Thanks. I already assigned one ip to my lagg0 and tried to test it by itself  I changed the rc.conf to use the single ip with a netmask  255.255.255.248.
my network is /29 there should be 8 ip's total but only 5 usable.  I also updated rc.conf with a broadcast ip  but the issue is that it mixes the ip with the netmask. example :

`ifconfig lagg0 34.233.213.169  34.233.213.171` This code works  and would make the changes. I would then run 
	
	



```
sevice netif restart
```
 and also do the same for routing.
when I do this  it would show broadcast ip to be 34.255.255.255.255   idon't know where it's getting this.  I even deleted all netmask configs and it still does this.

My network example is  34.233.213.164 to 34.233.213.171.   ISP gave me netmask of 255.255.255.248   I do set subnet mask and ip on my windows machines  and do know when setting  static all ip's of my network work with the same submask.  I can ue 34.233.213.165 to 34.233.213.170  with submask 255.255.255.248 and it works. gateway be 34.233.213.164.

I just want to make sure if my lagg0 is configured properly. I need to know what commands to run to see ip, submask, gateway.

also do I need to enable local unbound and routed? I am using 2 aggregated links.

also the link below is what I used to follow to setup the aggregated links. 

Also I noticed there's ipv6 being assigned to my nicks.  so - ix0  and ix1 these two get ipv6 automatically assigned an ipv6. I don't have it setup.
the rc.conf has 2 linkes to not allow all nics to be assigned ipv6. Is there anything I can do or run to check and make sure t here's no ip assigned on those nicks.

I was told the lagg0  is the only interface that needs to have 2 ip's assigned. the ix0 and ix1 shouldn't have any ip's assigned to them.


----------



## VladiBG (Nov 15, 2022)

You can't have network from .164 to 171 with netmask 255.255.255.248 the network is 34.233.213.160/29 netmask 255.255.255.248 first host is .161 last host is .166 and broadcast .167

So my guess is your ISP is using PPP so he can utilize all IPs from bigger network segment like 34.233.213.160/28 netmask 255.255.255.240 first host .161 last host .174 and broadcast .175


----------



## tony33 (Nov 17, 2022)

VladiBG said:


> You can't have network from .164 to 171 with netmask 255.255.255.248 the network is 34.233.213.160/29 netmask 255.255.255.248 first host is .161 last host is .166 and broadcast .167
> 
> So my guess is your ISP is using PPP so he can utilize all IPs from bigger network segment like 34.233.213.160/28 netmask 255.255.255.240 first host .161 last host .174 and broadcast .175


I don't know what my ISP does on their end. I am just saying this is the info they gave me. I can see in arin that my network is 34.233.213.164/29   it is reassigned.

My isp told me flat out my gateway is 34.233.213.165, My broadcast ip is 34.233.213.171  these are examples. I pay for 8 ip's.
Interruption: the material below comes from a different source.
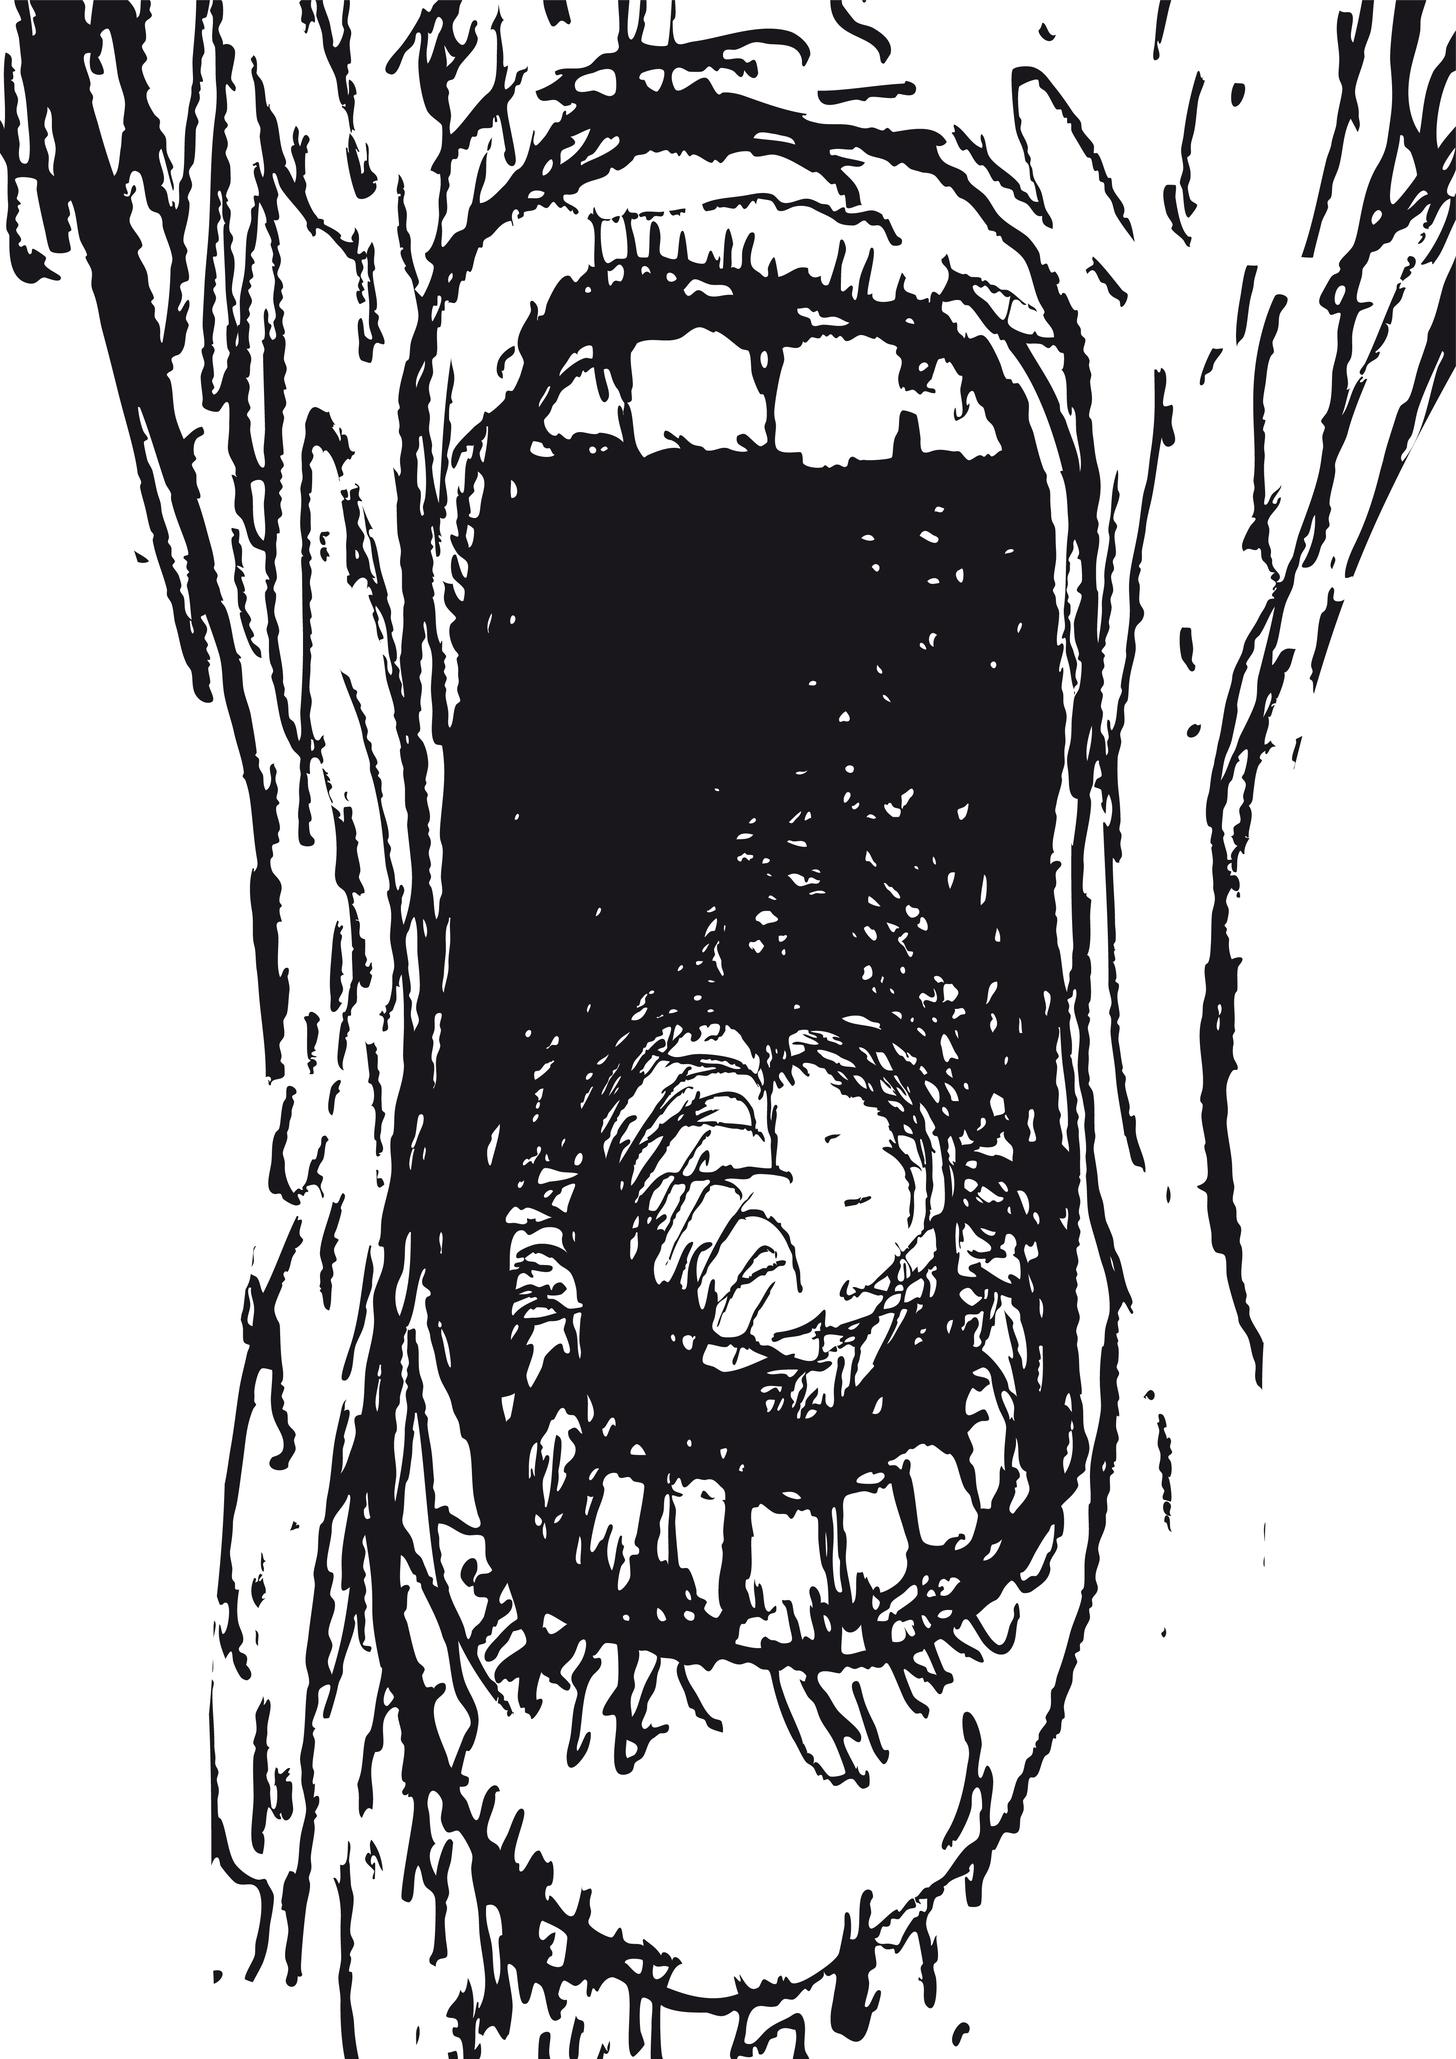 Le cri de la peur

one is used for gateway and one is used for broadcast ip. I can only use 5 ip's.  They gave me the range and told me the submask to use.
In windows I only put ip's ending 166 - 170 I can use these for my machines. 

I know it works and it's correct info. before I used this info directly on the enternet nicks and it worked. 
Right now, I turned off lagg0 and directly assigned the ip's to the nics and it didn't work. 
I move the physical ethernet cords to my other switch it worked. I am right now looking into that other switch to see why this is the case. There's no vlan setups.

However, on my other switch when I directly assigned ip's to the nics it worked.
So, I then changed the config back to lagg0 and again it didn't work. I did the [CODE ifconfig [/CODE] 
and It shows the netmask to be 34.255.255.255.255  which is wrong. I manually ran the ifconfig and 
assigned the ip,broadcast ip 34.233.213.171 and netmask 255.255.255.248  and still didn't work.
I then looked at the ethernet nics and found ipv6  are assigned even doing in the [CODE rc.conf[/CODE]
I  have it setup to disable ipv6. The nics aren't supposed to have any ip assigned.  Only the lagg0 interface should have them.
So, I manually ran the inet6 command to delete it.  I put all 3 interfaces down and put it back up.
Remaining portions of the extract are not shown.